Avila began working as a professional medical interpreter with Centegra Health System 15 years ago, remaining with the health system when it merged with Northwestern Medicine in 2018. She is based at the Huntley location and also supports other Northwestern Medicine hospitals in the northwest suburbs.

She said she feels just as passionately about her job today as she did when she started more than a decade ago, as it is a crucial piece in providing equal access to health care for people of all backgrounds.

Non-English-speaking families often do not know that they have a legal right to be provided with an interpreter when attending a medical facility, and sometimes, the level of care they receive suffers as a result, Avila said.

Occupational therapist Jagruti Patel is seen silhouetted, wearing a face shield and face mask inside a COVID-19 patient's room at Northwestern Medicine Huntley Campus on Thursday, March 4, 2021 in Huntley.

When the COVID-19 pandemic hit Illinois last March, Avila said her job became even more crucial as health care workers were pulled in all directions “trying to save lives,” but the need to dispel confusion for Spanish-speaking families remained.

In McHenry County, Hispanic or Latino residents suffer from COVID-19 infection at a rate of about 939 positive cases per 10,000 people compared with a rate of about 397 cases per 10,000 white residents, according to the county’s online dashboard of COVID-19 data.

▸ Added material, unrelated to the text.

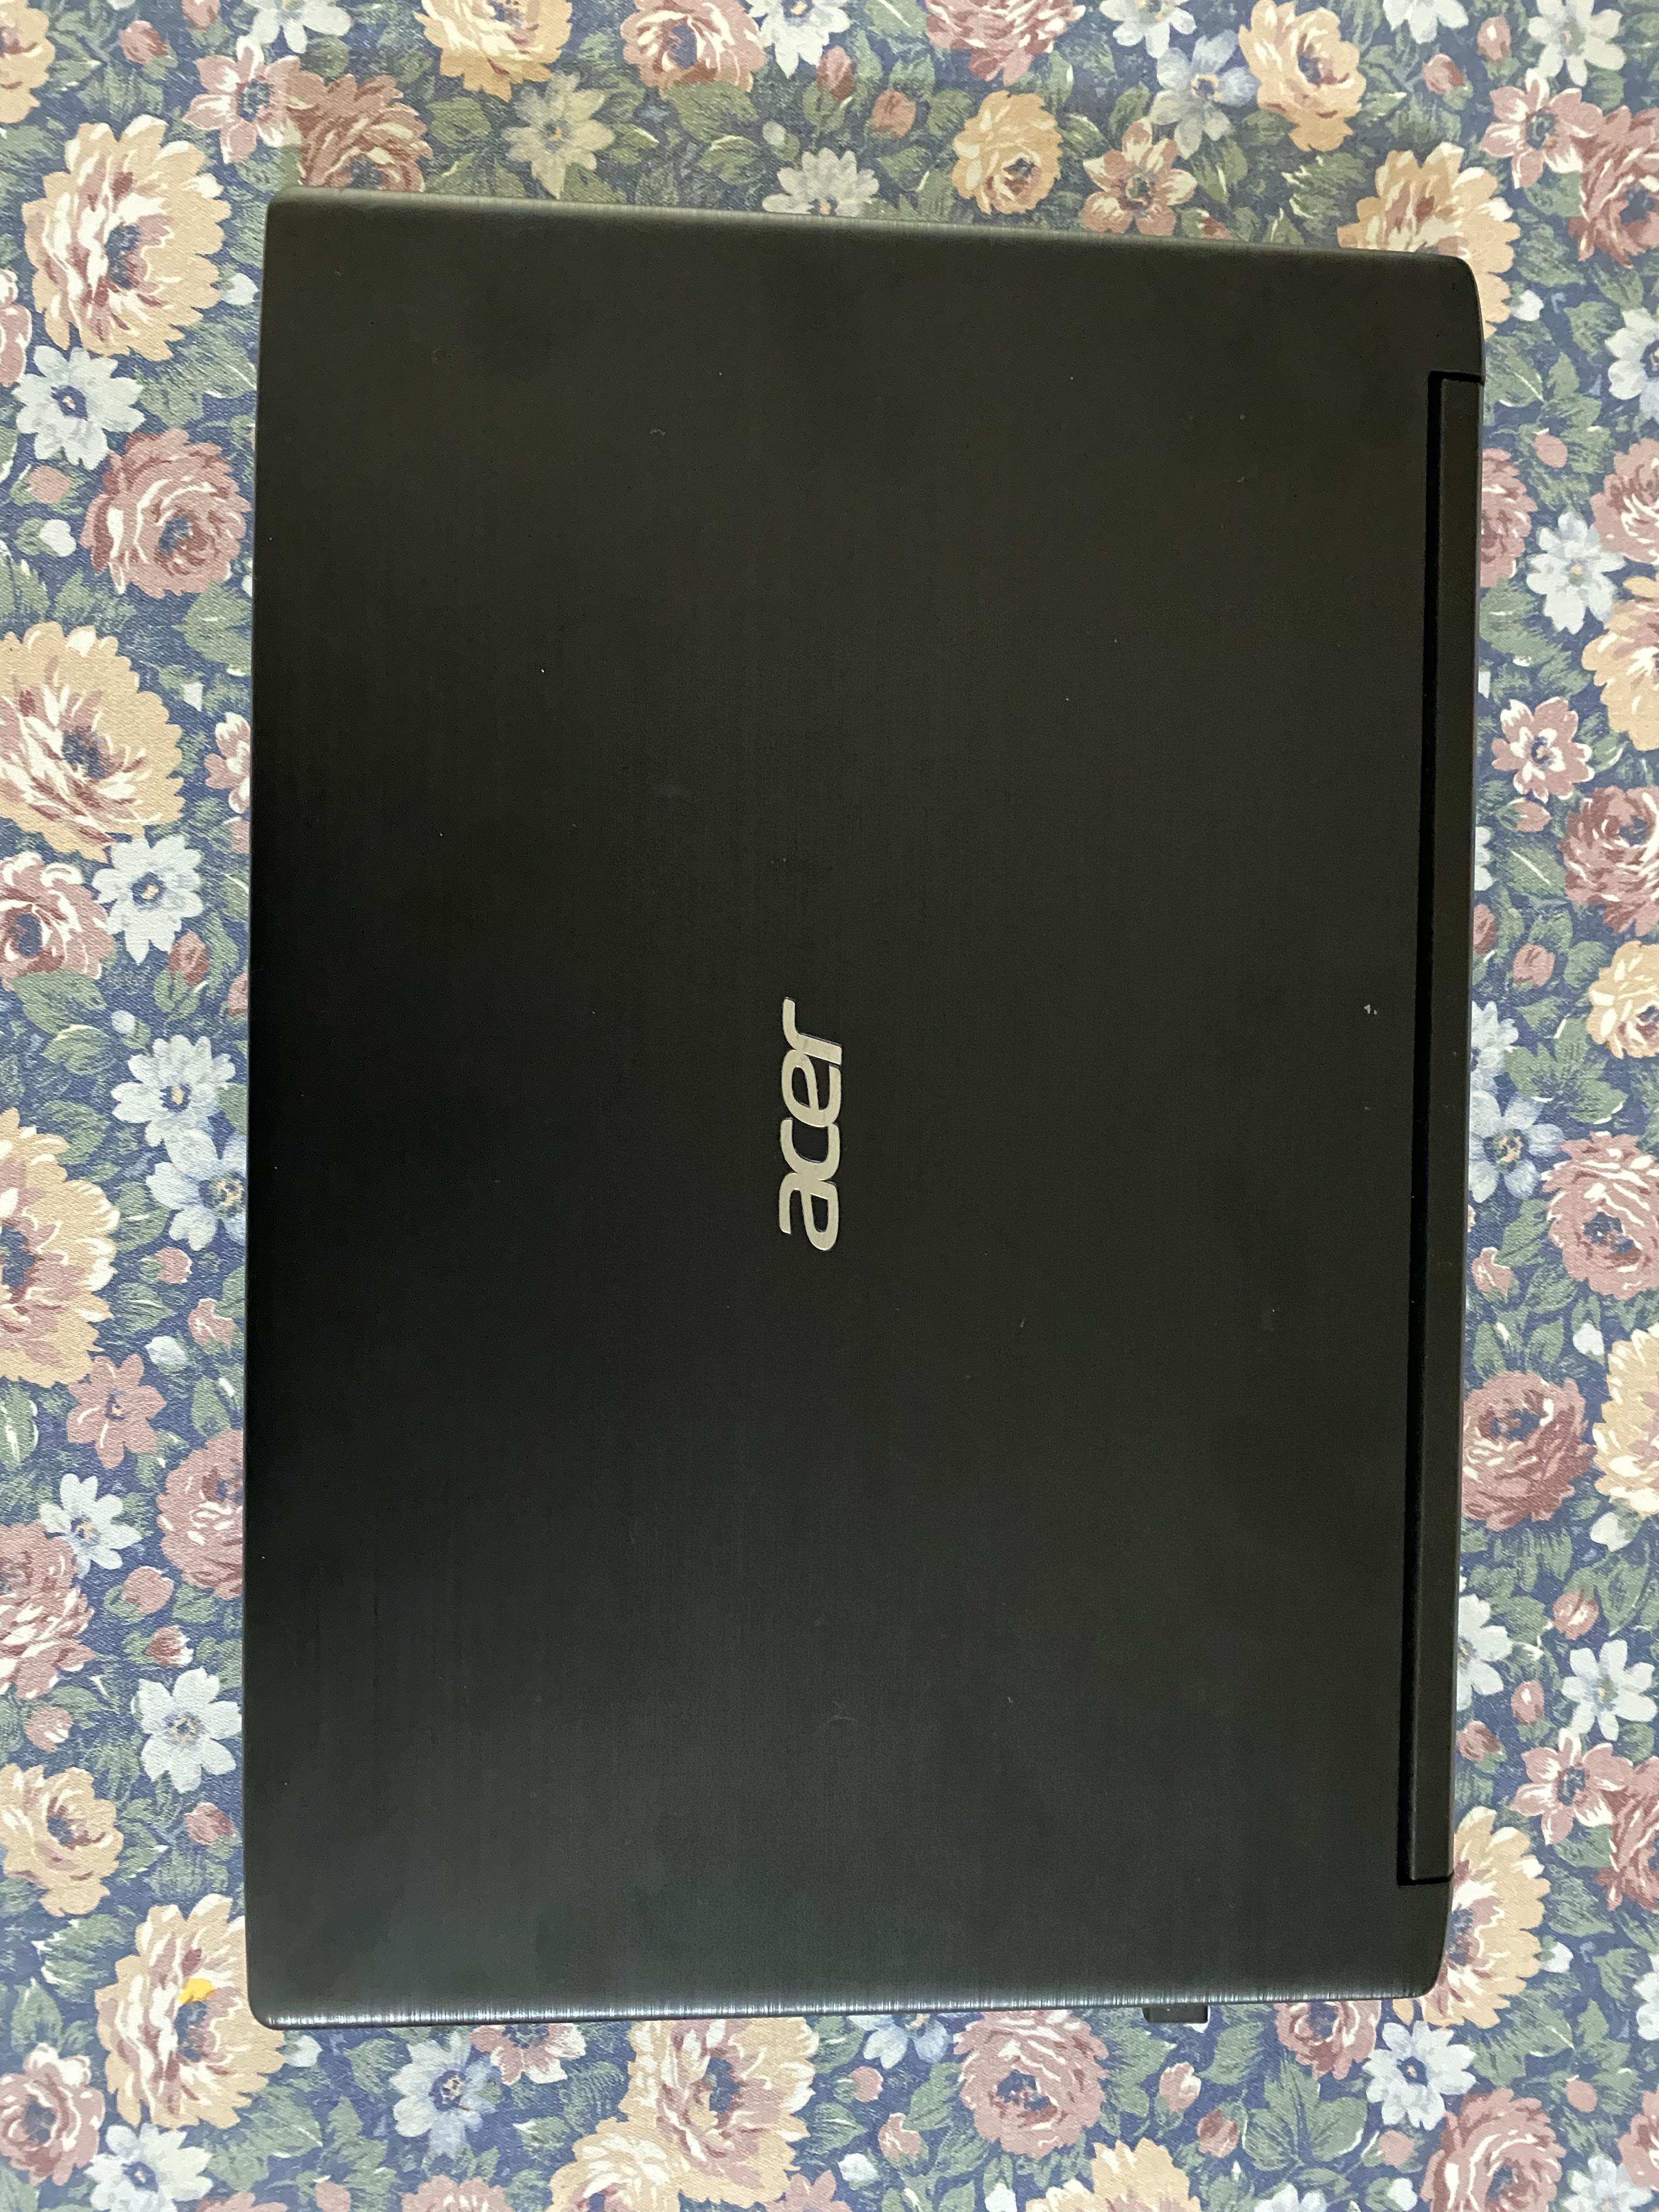 Acer 8gb ram 2gb e.kartı fhd 5.000 tl | DonanımHaber Forum

“It is very sad that the numbers are so high,” Avila said. “When it comes to a low-income setting, you’ll have a lot of family members that will live together in the same household, so the risk of infection is so much higher. ... You have the communities that possibly can’t just work from home. It’s not very possible for them at times. So now you have someone who may be ill, but they need to continue to work.”

When it all began, the language barrier that Avila’s patients faced heightened the fear around this new, unknown virus that was ripping through the country. Suddenly, instead of offering her services in person, Avila was translating information through three-way phone calls between doctors, patients and family members who were even more emotional because they could not visit their loved ones.

In the case of Moreno, Avila said she promised her that she would call every time there was an update on her son’s condition because she knew that Moreno would be up all night, waiting by the phone, if she thought there was a chance she might miss something.

Even now, when Moreno’s son is back at home and just about fully recovered from the effects of being on ventilator support for weeks, she said she still thinks about Avila and everything she did for her family.

“Right now there is this pandemic, but there are always people who are sick,” Moreno said. “And for people like me that don’t speak the language, it can be very hard and scary. That is why it is so important what people like [Avila] are doing.”